Data listing
>>>>

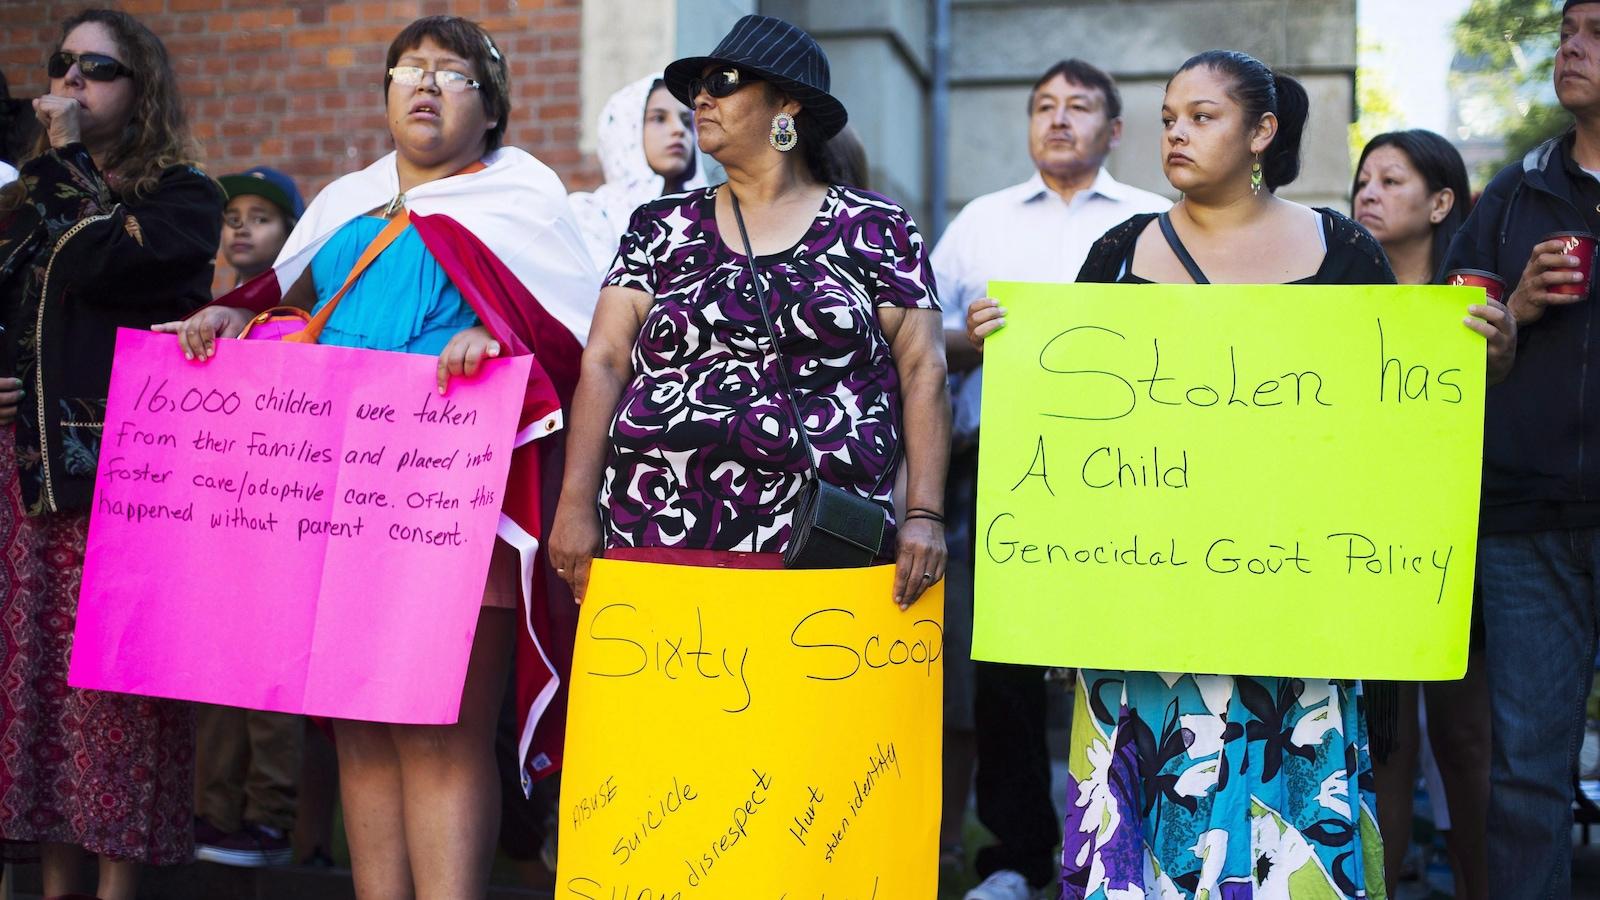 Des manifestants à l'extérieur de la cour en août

<<<<
>>>>

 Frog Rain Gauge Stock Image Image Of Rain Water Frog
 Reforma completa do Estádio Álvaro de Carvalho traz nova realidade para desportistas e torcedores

<<<<
>>>>

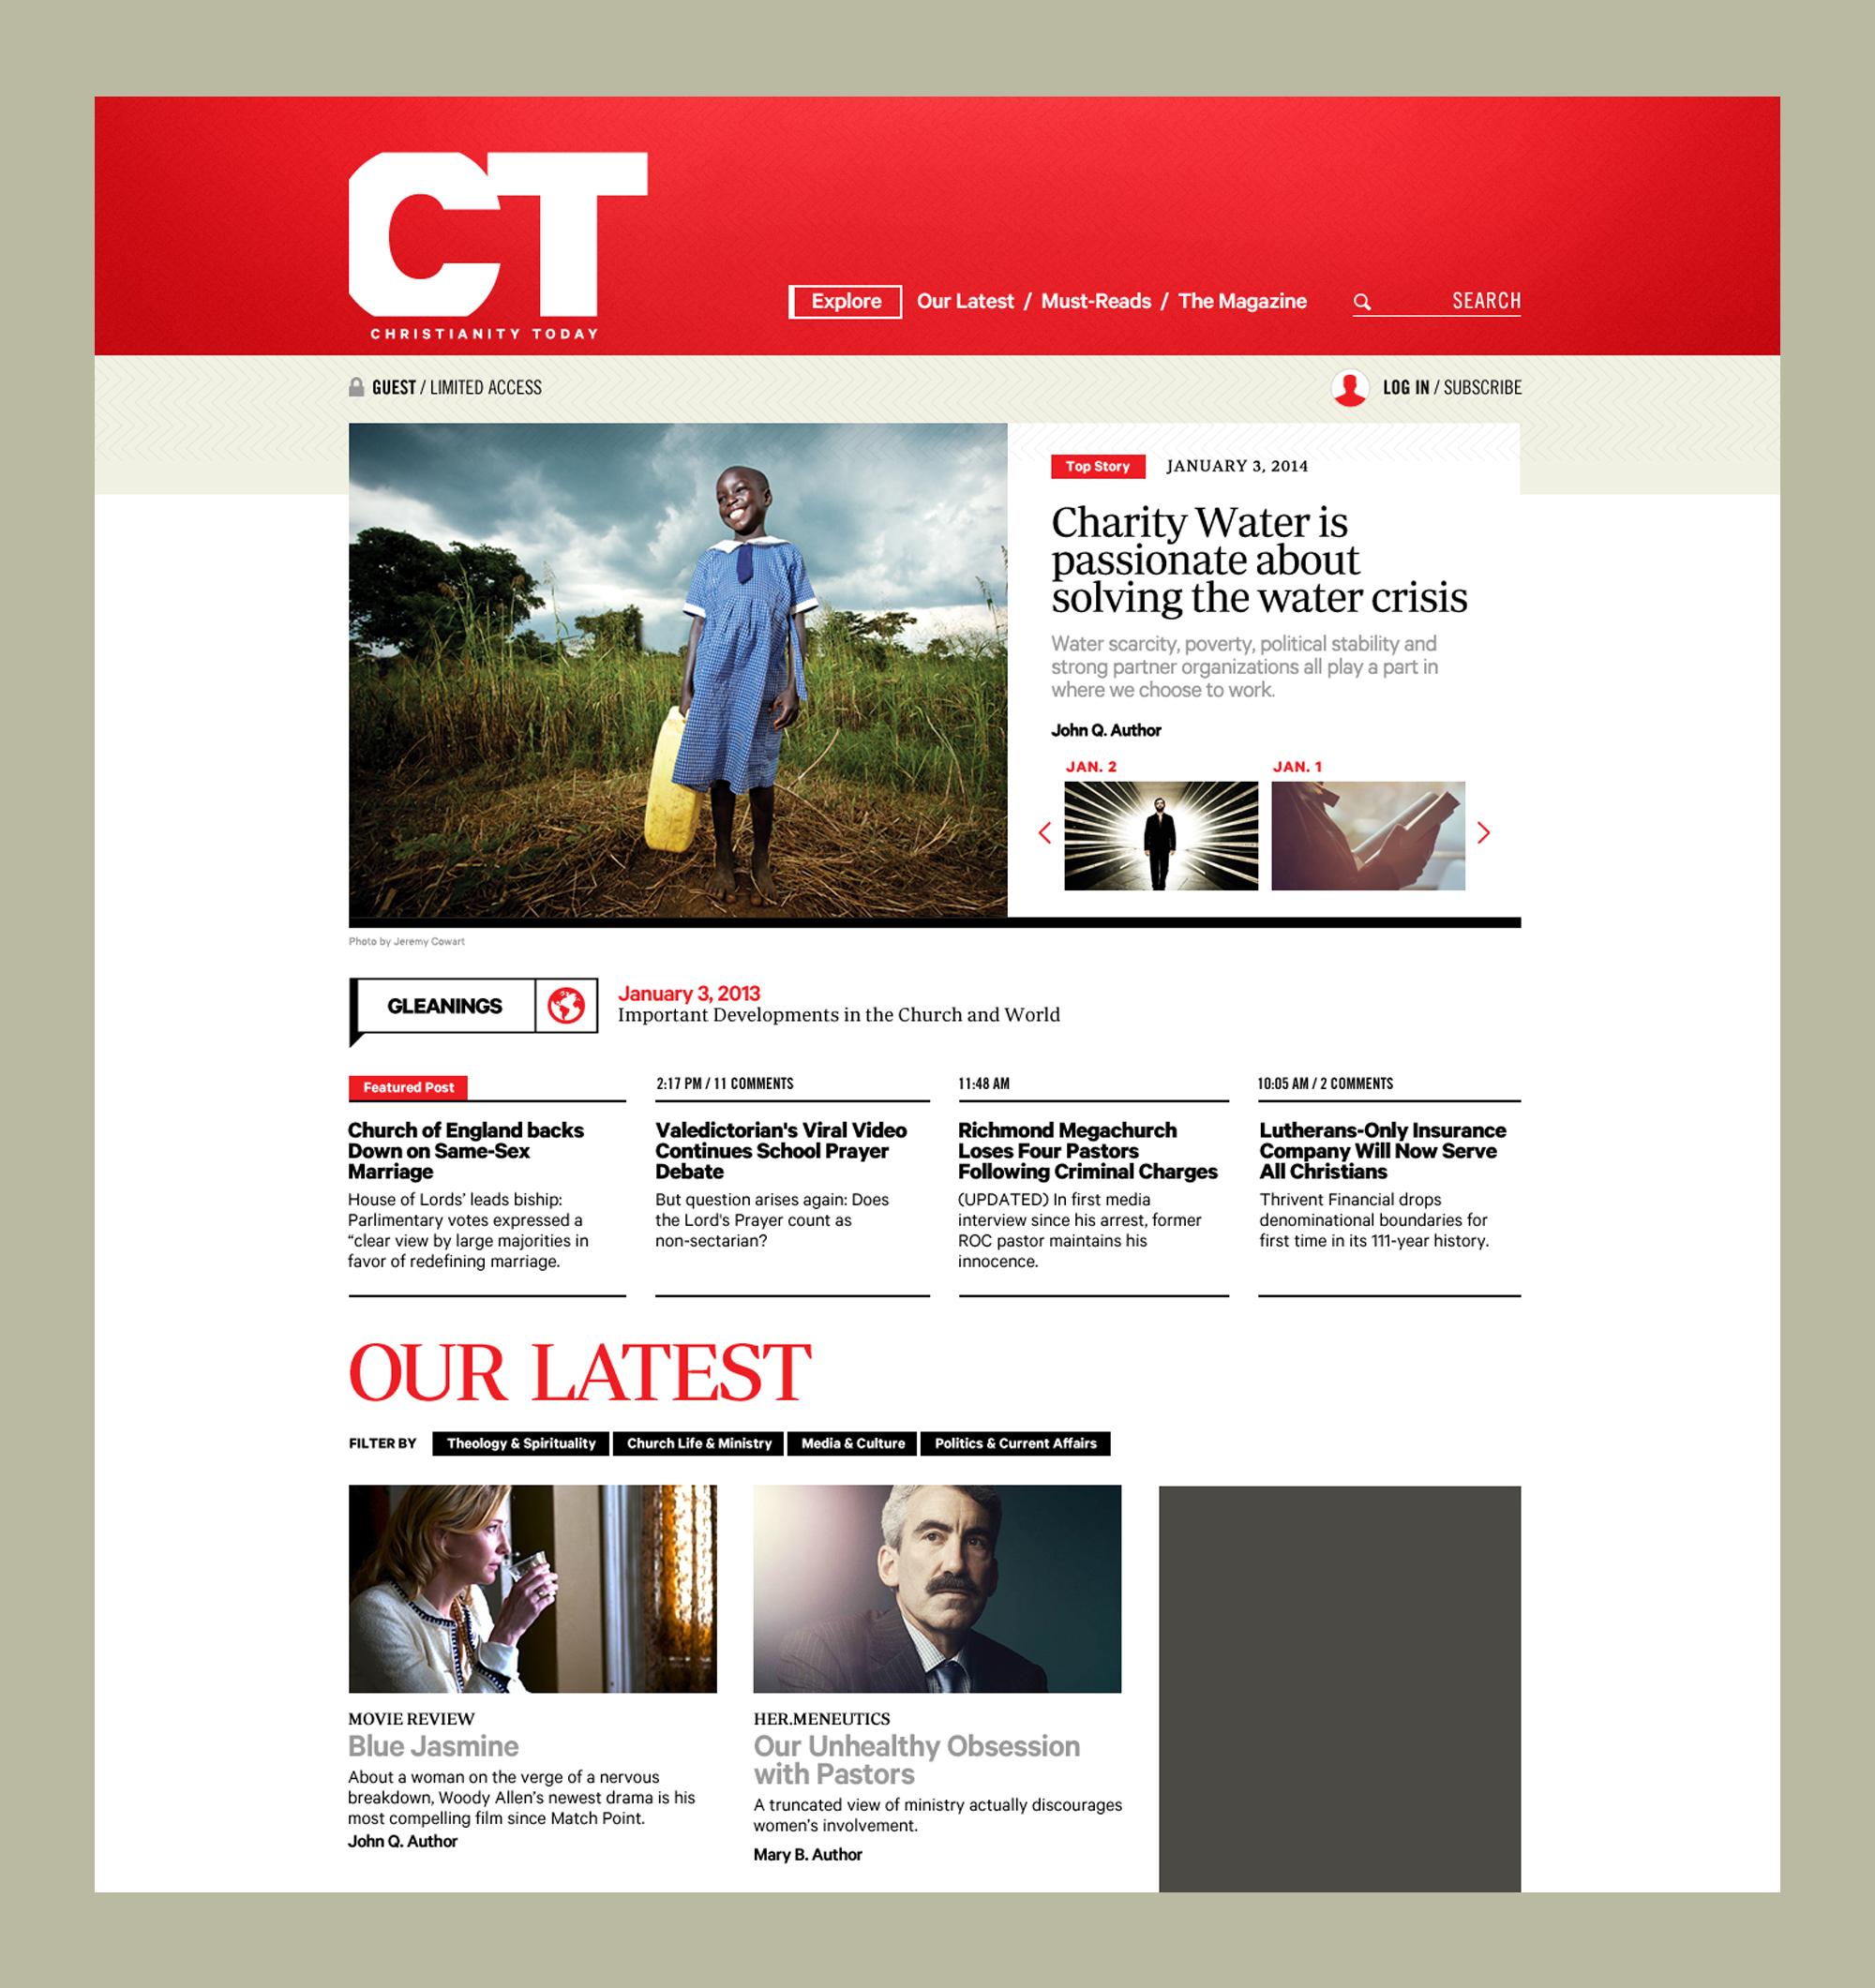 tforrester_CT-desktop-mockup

<<<<

Problem description
Please copy the lines above from the line with "Frog Rain Gauge" up to and including the line with "Reforma completa do", exactly as written and with nothing else.

Solution to the exercise
 Frog Rain Gauge Stock Image Image Of Rain Water Frog
 Reforma completa do Estádio Álvaro de Carvalho traz nova realidade para desportistas e torcedores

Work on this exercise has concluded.